KJ_SYSCALL(write(STDOUT_FILENO, "Listening...\n", strlen("Listening...\n")));
auto promise = listener->listen(kj::mv(serverPort));
return promise.attach(kj::mv(listener));
});
}
// -----------------------------------------------------------------------------
[[noreturn]] void SupervisorMain::runSupervisor(int apiFd, kj::AutoCloseFd startEventFd) {
// We're currently in a somewhat dangerous state: our root directory is controlled
// by the app. If glibc reads, say, /etc/nsswitch.conf, the grain could take control
// of the supervisor. Fix this by chrooting to the supervisor directory.
// TODO(someday): chroot somewhere that's guaranteed to be empty instead, so that if the
// supervisor storage is itself compromised it can't be used to execute arbitrary code in
// the supervisor process.
KJ_SYSCALL(chroot("."));
permanentlyDropSuperuser();
setupSeccomp();
// TODO(soon): Somehow make sure all grandchildren die if supervisor dies. Currently SIGKILL
// on the supervisor won't give it a chance to kill the sandbox pid tree. Perhaps the
// supervisor should actually be the app's root process?

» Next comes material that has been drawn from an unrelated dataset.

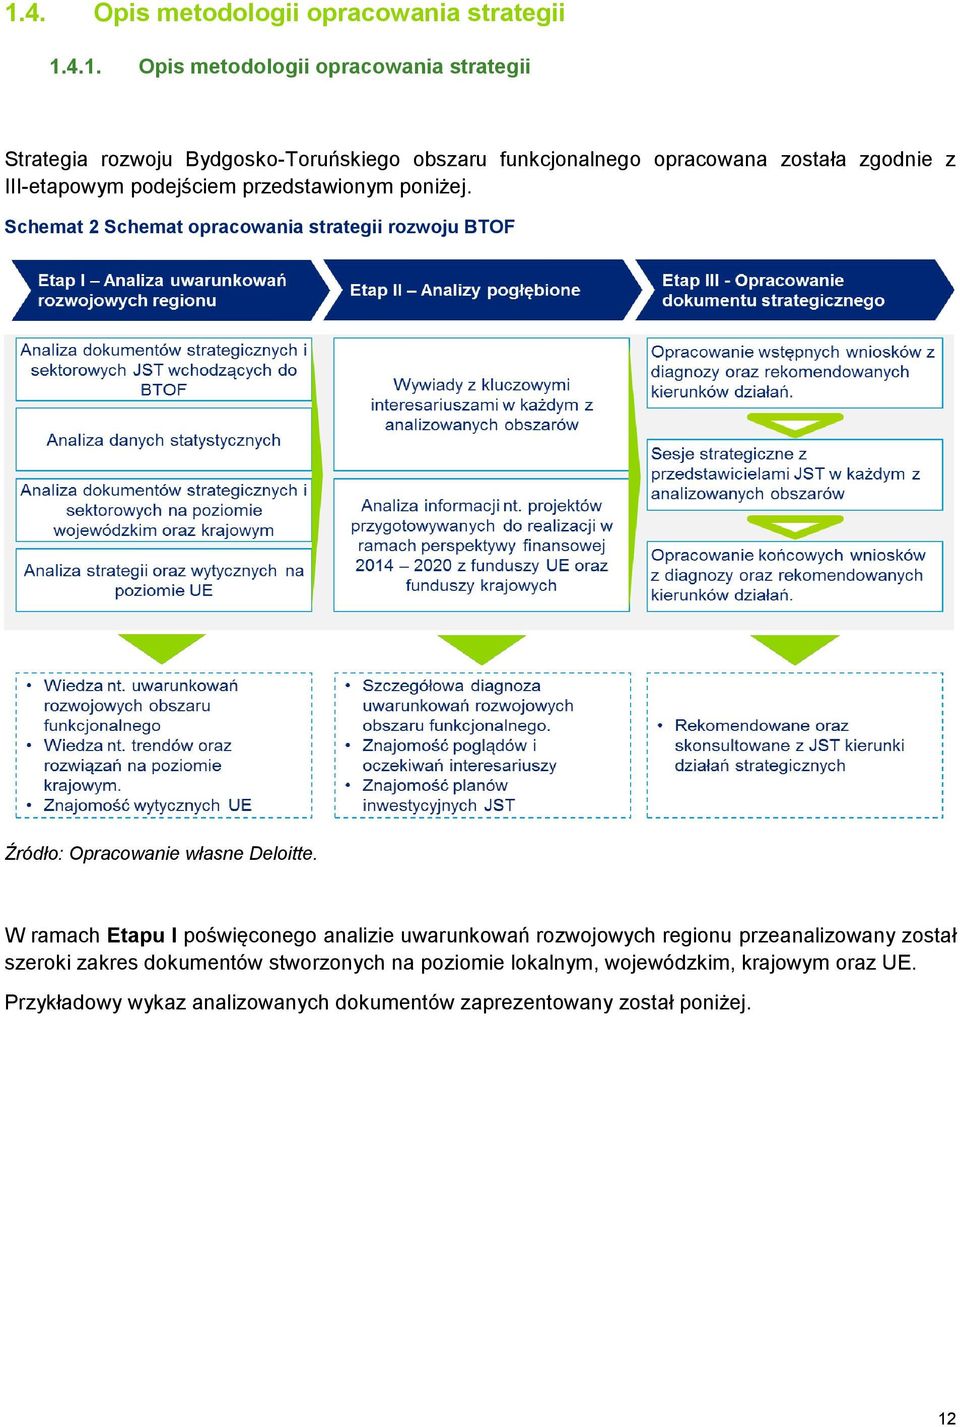 Schemat 2 Schemat opracowania strategii rozwoju BTOF Źródło: Opracowanie własne Deloitte.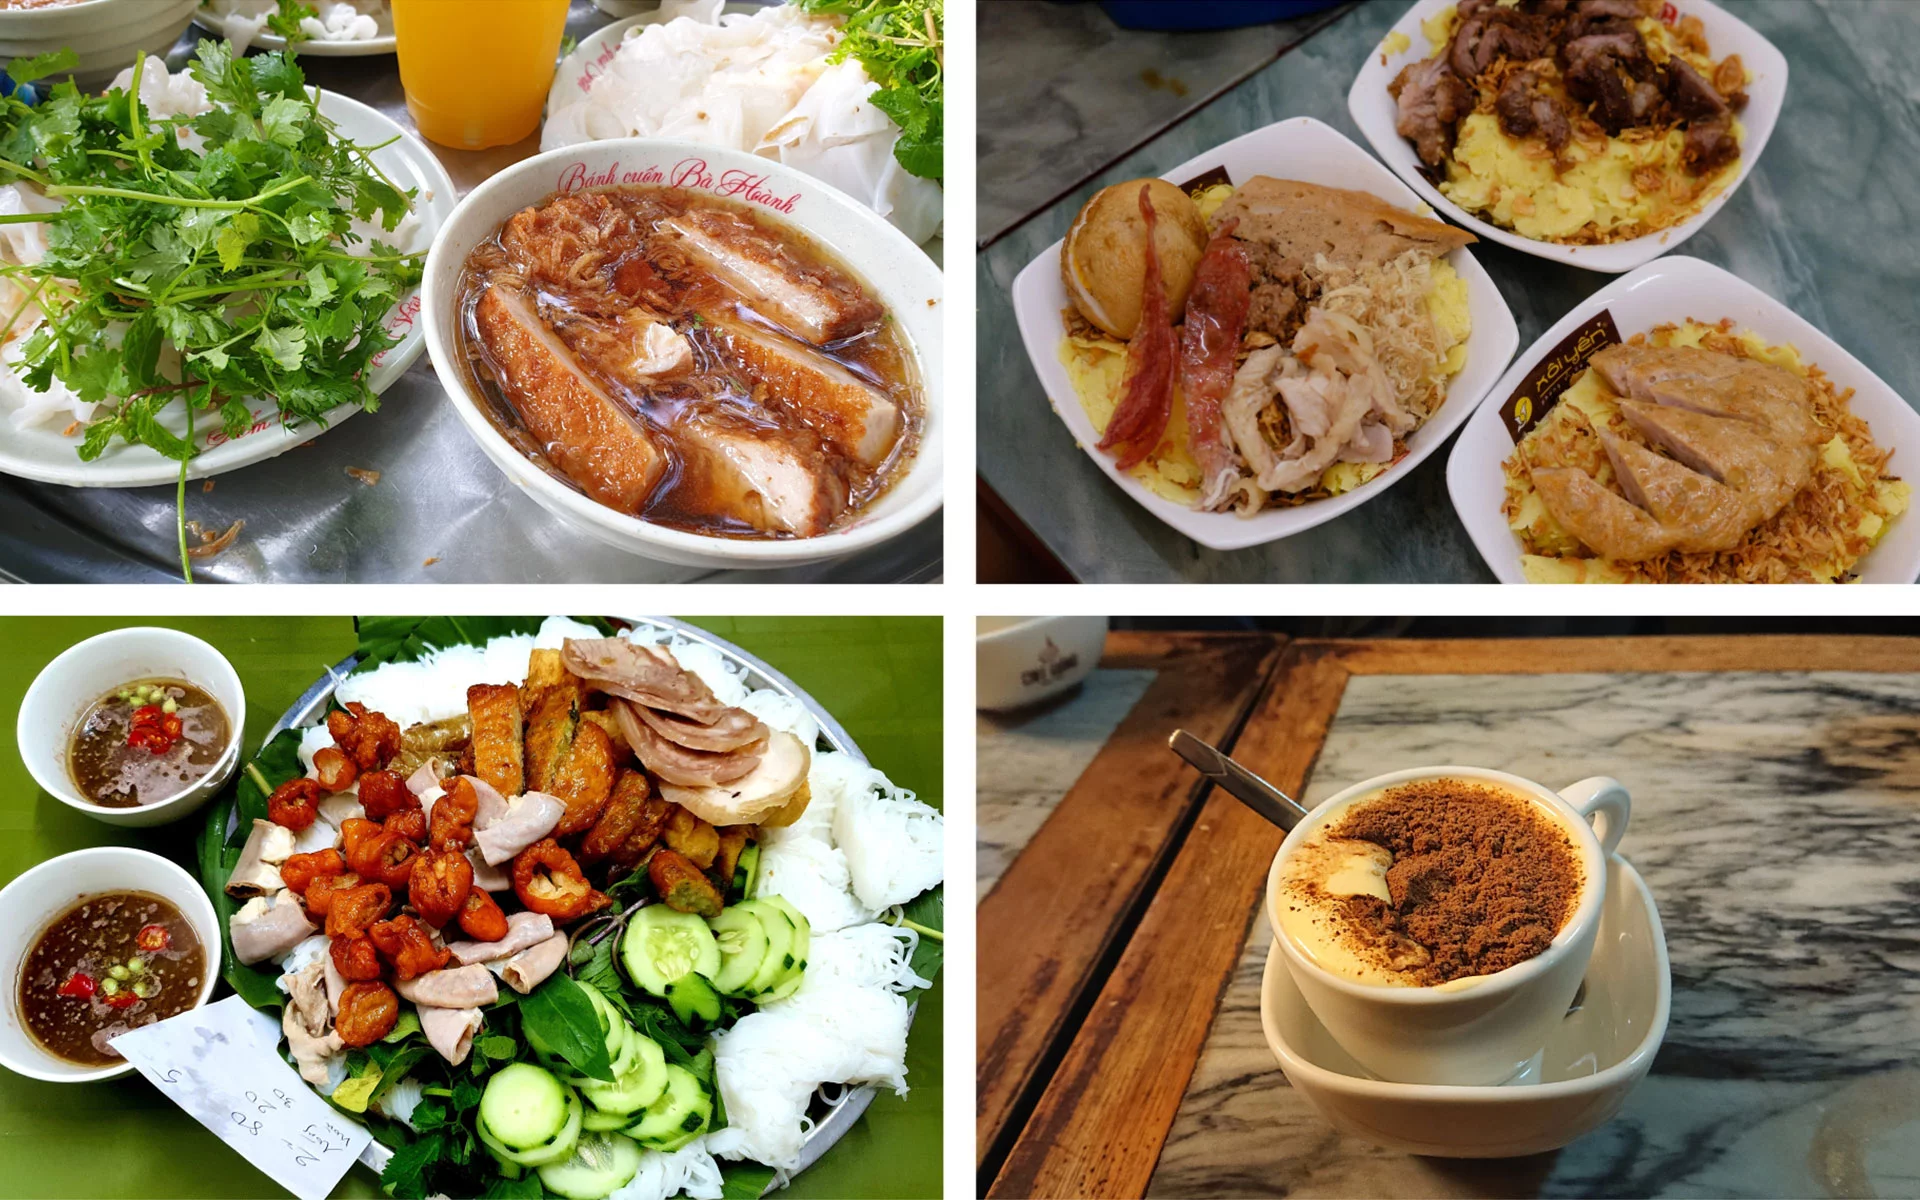 Hanoi Street Food

We'd have to more carefully handle
// SIGCHLD in that case and also worry about signals sent from the app process.
kj::UnixEventPort::captureSignal(SIGCHLD);
auto ioContext = kj::setupAsyncIo();
// Detect child exit.
auto exitPromise = ioContext.unixEventPort.onSignal(SIGCHLD).then([this](siginfo_t info) {
KJ_ASSERT(childPid != 0);
int status;
KJ_SYSCALL(waitpid(childPid, &status, 0));
childPid = 0;
KJ_ASSERT(WIFEXITED(status) || WIFSIGNALED(status));
if (WIFSIGNALED(status)) {
context.exitError(kj::str(
"** SANDSTORM SUPERVISOR: App exited due to signal ", WTERMSIG(status),
" (", strsignal(WTERMSIG(status)), ")."));
} else {
context.exitError(kj::str(
"** SANDSTORM SUPERVISOR: App exited with status code: ", WEXITSTATUS(status)));
}
}).eagerlyEvaluate([this](kj::Exception&& e) {
context.exitError(kj::str(
"** SANDSTORM SUPERVISOR: Uncaught exception waiting for child process:\n", e));
});
auto coreRedirector = kj::refcounted<CapRedirector>();
SandstormCore::Client coreCap = static_cast<capnp::Capability::Client>(
kj::addRef(*coreRedirector)).castAs<SandstormCore>();
SupervisorRealmGateway::Client gateway = kj::heap<SupervisorRealmGatewayImpl>(coreCap);
// Compute grain size and watch for changes.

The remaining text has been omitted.